Overview of the modules

Lep-MAP2 (LM2) consists of modules Filtering, SeparateChromosomes, JoinSingles, OrderMarkers and ParentCall. Each of these modules can run by
java -cp path moduleName [parameters]
, where path is the directory where the class files of LM2 are located. Each module requires some parameters, simply running "java -cp path moduleName" lists these parameters and a short description of each parameter.

Additional modules have been added to Lep-MAP2:

  • Tranpose provides fast transpose function to convert data into linkage format
  • ParentCallGrandparents calls markers taking into account the genotype information on grandparents (however, grandparents are not being taken into account in any other way)
  • AchiasmaticMeiosis converts data with achiasmatic meiosis (no recombination in one sex) into single parent informative data. This module provides similar functionality that was in Lep-MAP1.

The input of LM2 consists of genotypes of one or several full-sib families (parents and their offspring), given in pre-makeped LINKAGE (Lathrop et al., 1984) format. The format gives the pedigree information on columns 1-6 and genotypes starting on column 7 onward (marker 1 is on column 7). The columns in linkage files are separated by tabs, but genotypes are given as two space separated numbers (like "1 2" or "220 150"). A missing genotype is coded as "0 0". The Columns 1-6 are family name, individual name, father, mother, sex, and phenotype. The phenotype is not used by LM2 (can be set to all 0).

Only full-sib type pedigree structure is supported, but data from several types of crosses can be given as full-sibs without noticeable loss of information.

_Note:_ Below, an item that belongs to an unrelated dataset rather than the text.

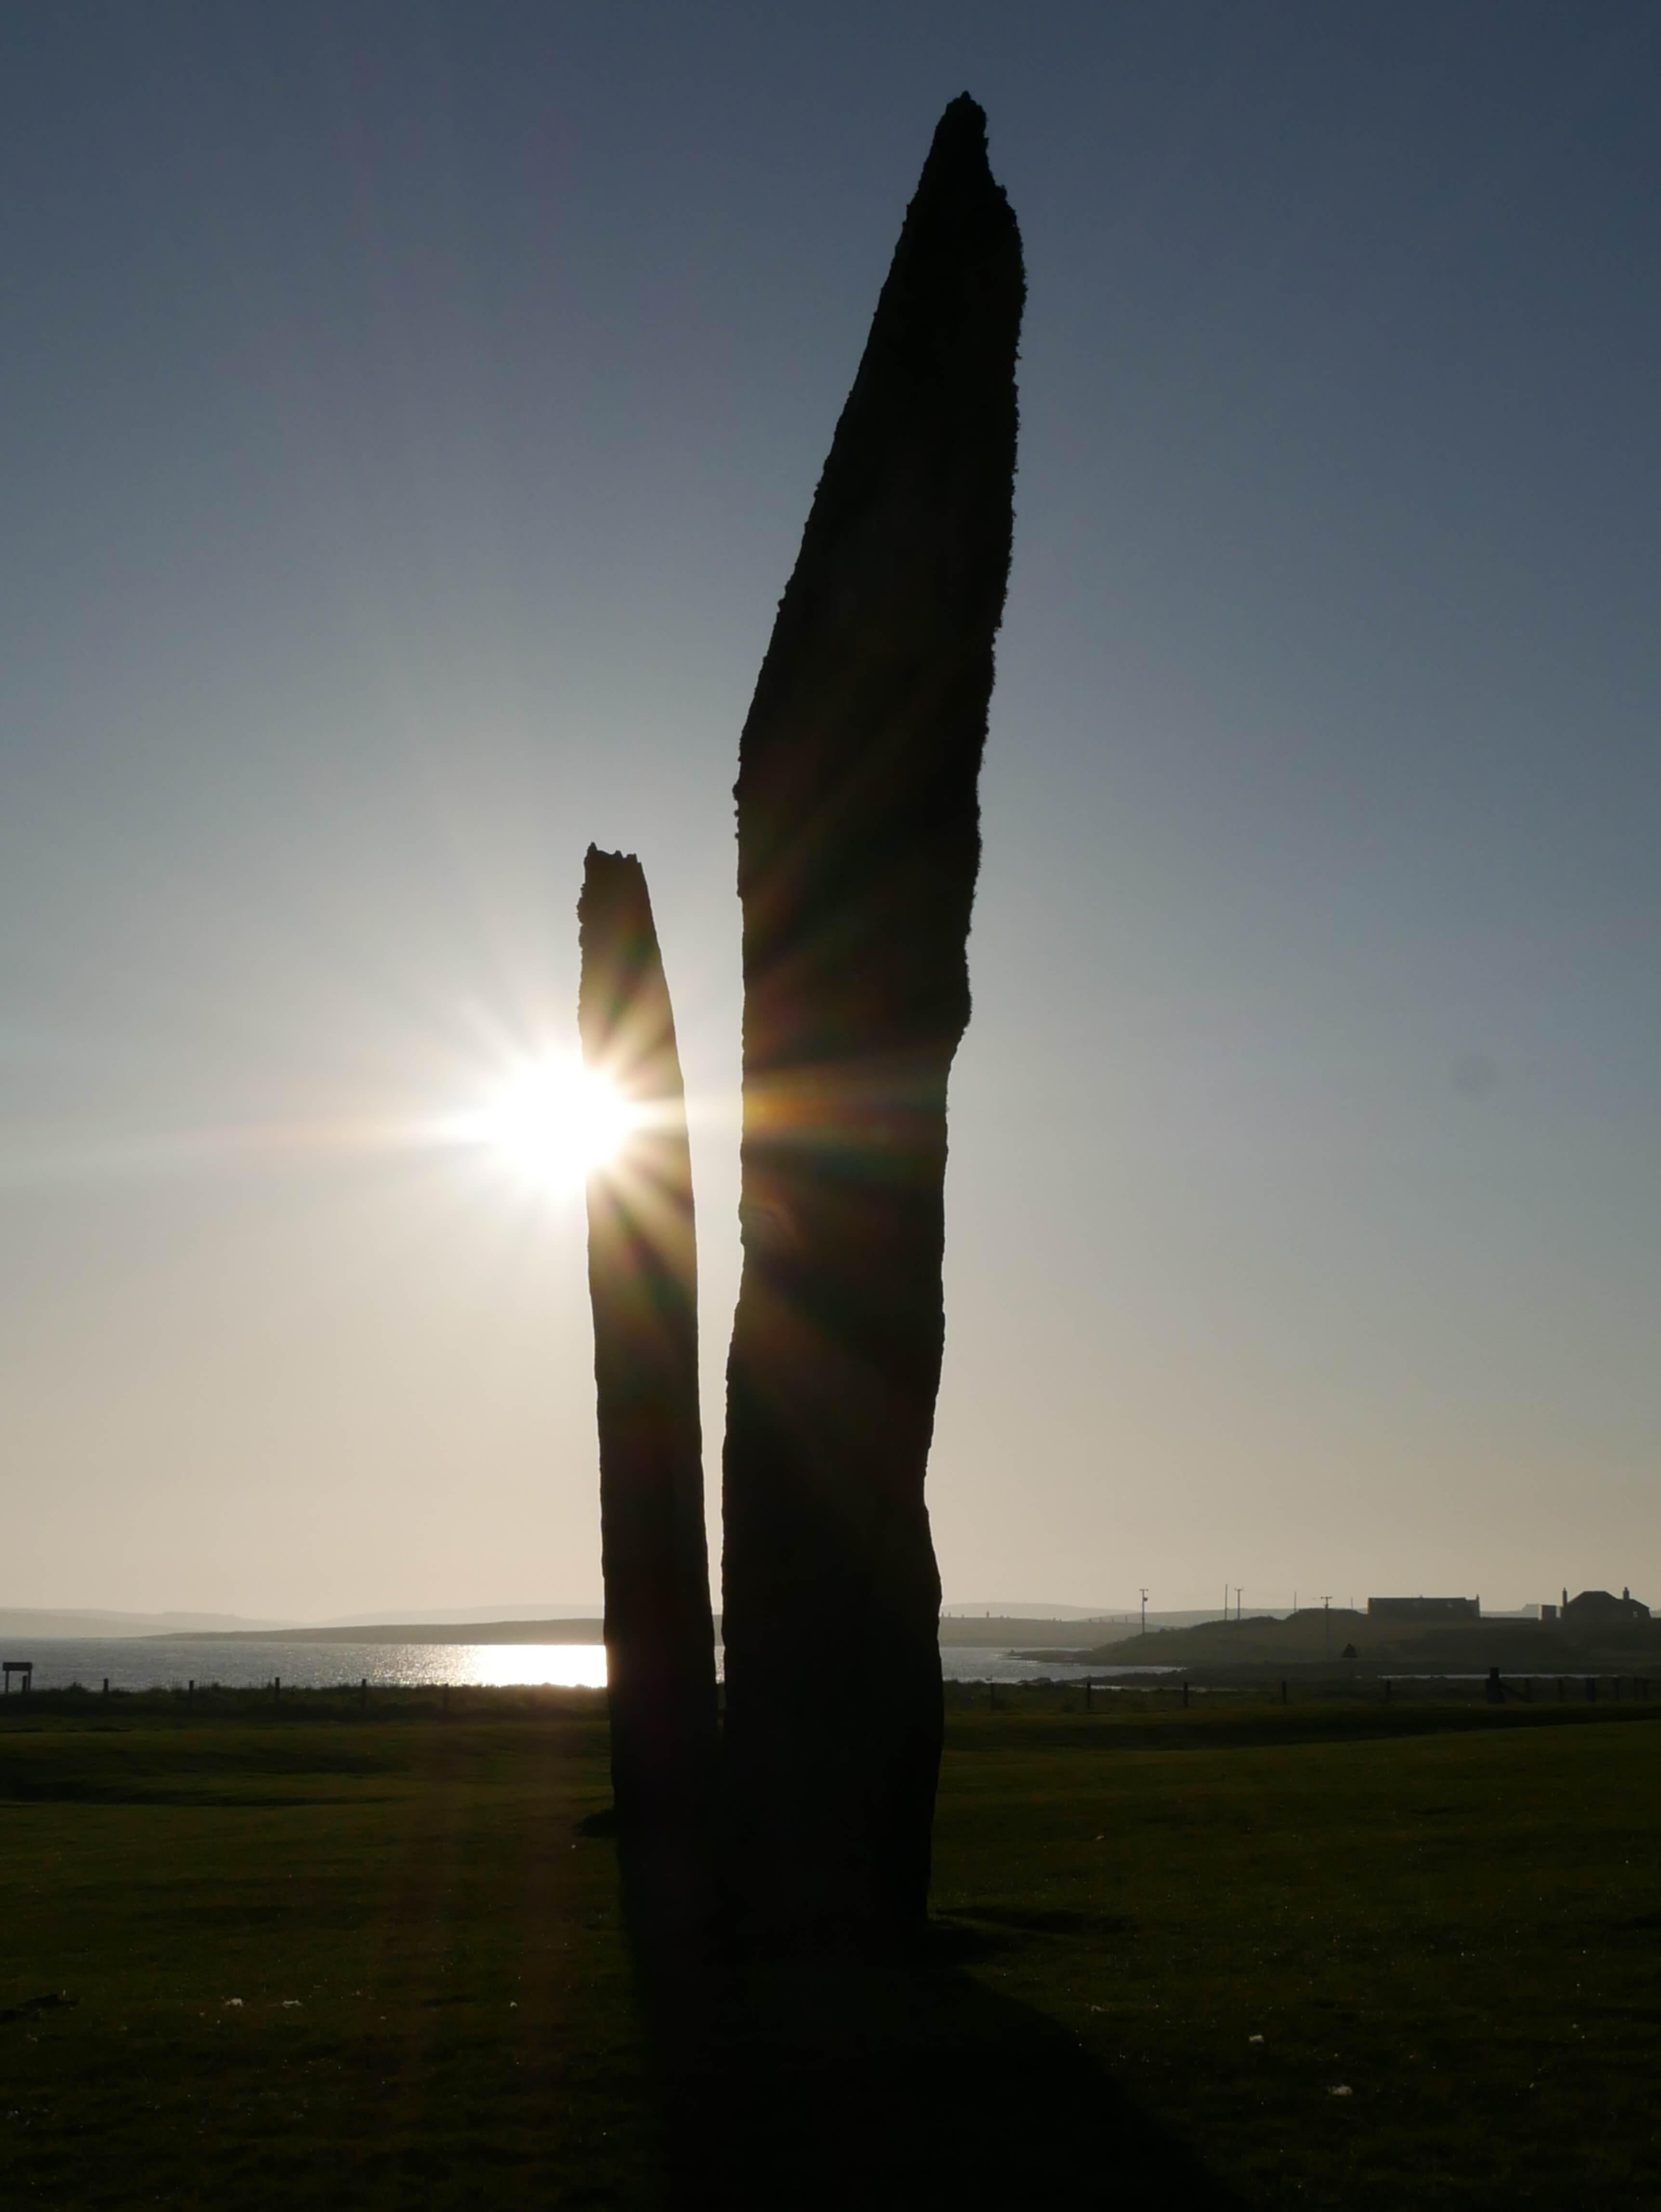 Stones of Stenness, Orkney Islands, Scotland - Orkneyology.com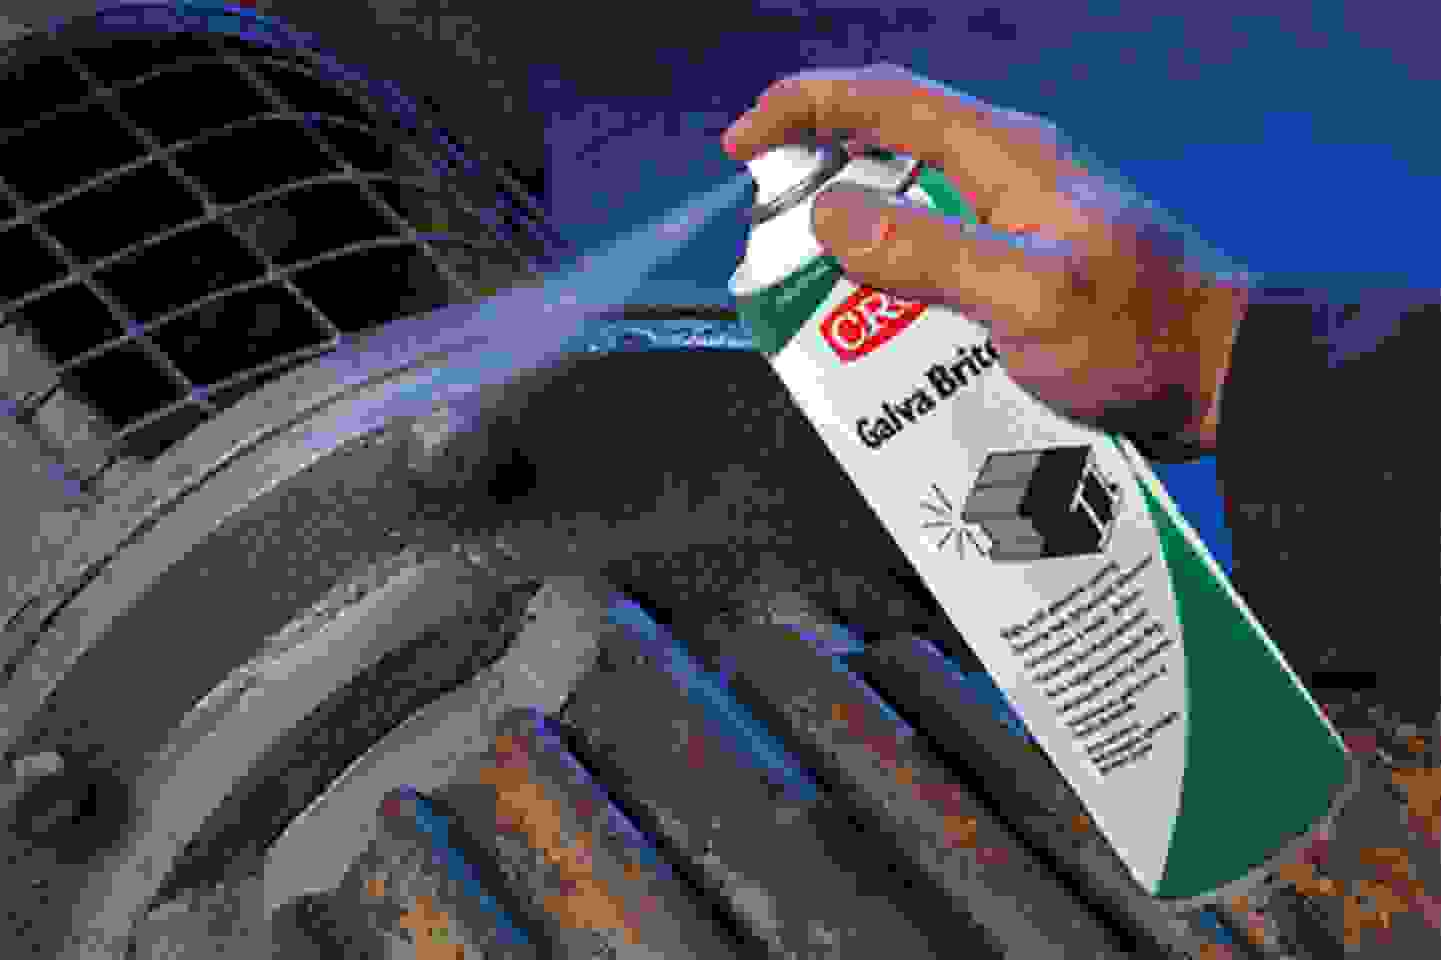 bs-crc-korrosionsschutz-03

The output files are always written to standard output. These can be directed to file by using >file at the end of each command. Some progress messages are also printed to standard error, these can directed to a file by adding 2>file2.

Filtering

The Filtering module handles filtering of the data, i.e. filtering markers based on, e.g. high segregation distortion (dataTolerance) and excess number of missing genotypes (missingLimit). This module outputs the filtered data in linkage format to be used with other LM2 modules and for further analysis (e.g. QTL). By default, genotypes are outputted in bi-allelic format with alleles 1 and 2. By providing option keepAlleles=1 the original alleles are kept (If there are a lot of markers with 3-4 alleles (e.g. microsatellites), keeping the alleles is probably wise as markers with more alleles have more information about the haplotypes).

Example :
java -cp bin/ Filtering data=data1.linkage dataTolerance=0.001 >data1_f.linkage

SeparateChromosomes

The SeparateChromosomes module assigns markers into linkage groups (LGs) by computing all pair-wise LOD scores between markers and joins markers that with LOD score higher than a user given parameter lodLimit. The output is a map file where line i (not commented by #) corresponds to marker i and gives its LG name (number).

Examples :
java -cp bin/ SeparateChromosomes data=data1_f.linkage lodLimit=5 >map1.txt

java -cp bin/ SeparateChromosomes data=data1-10.linkage lodLimit=8 >map1-10.txt

JoinSingles

The JoinSingles module assigns singular markers to existing LGs by computing LOD scores between each single marker and possible multiple markers from the existing LGs. It needs a map file as first input parameter and then it outputs a new map file with possible more markers assigned to LGs.

Example :
java -cp bin/ JoinSingles map1.txt data=data1_f.linkage lodLimit=4 >map1_js.txt

OrderMarkers

OrderMarkers orders the markers within each LG by maximizing the likelihood of the data given the order. Either a map file (map=map_file) or output of previous run of OrderMarkers (evaluateOrder=order_file) have to be provided (only the first column, the marker name is read from the latter file).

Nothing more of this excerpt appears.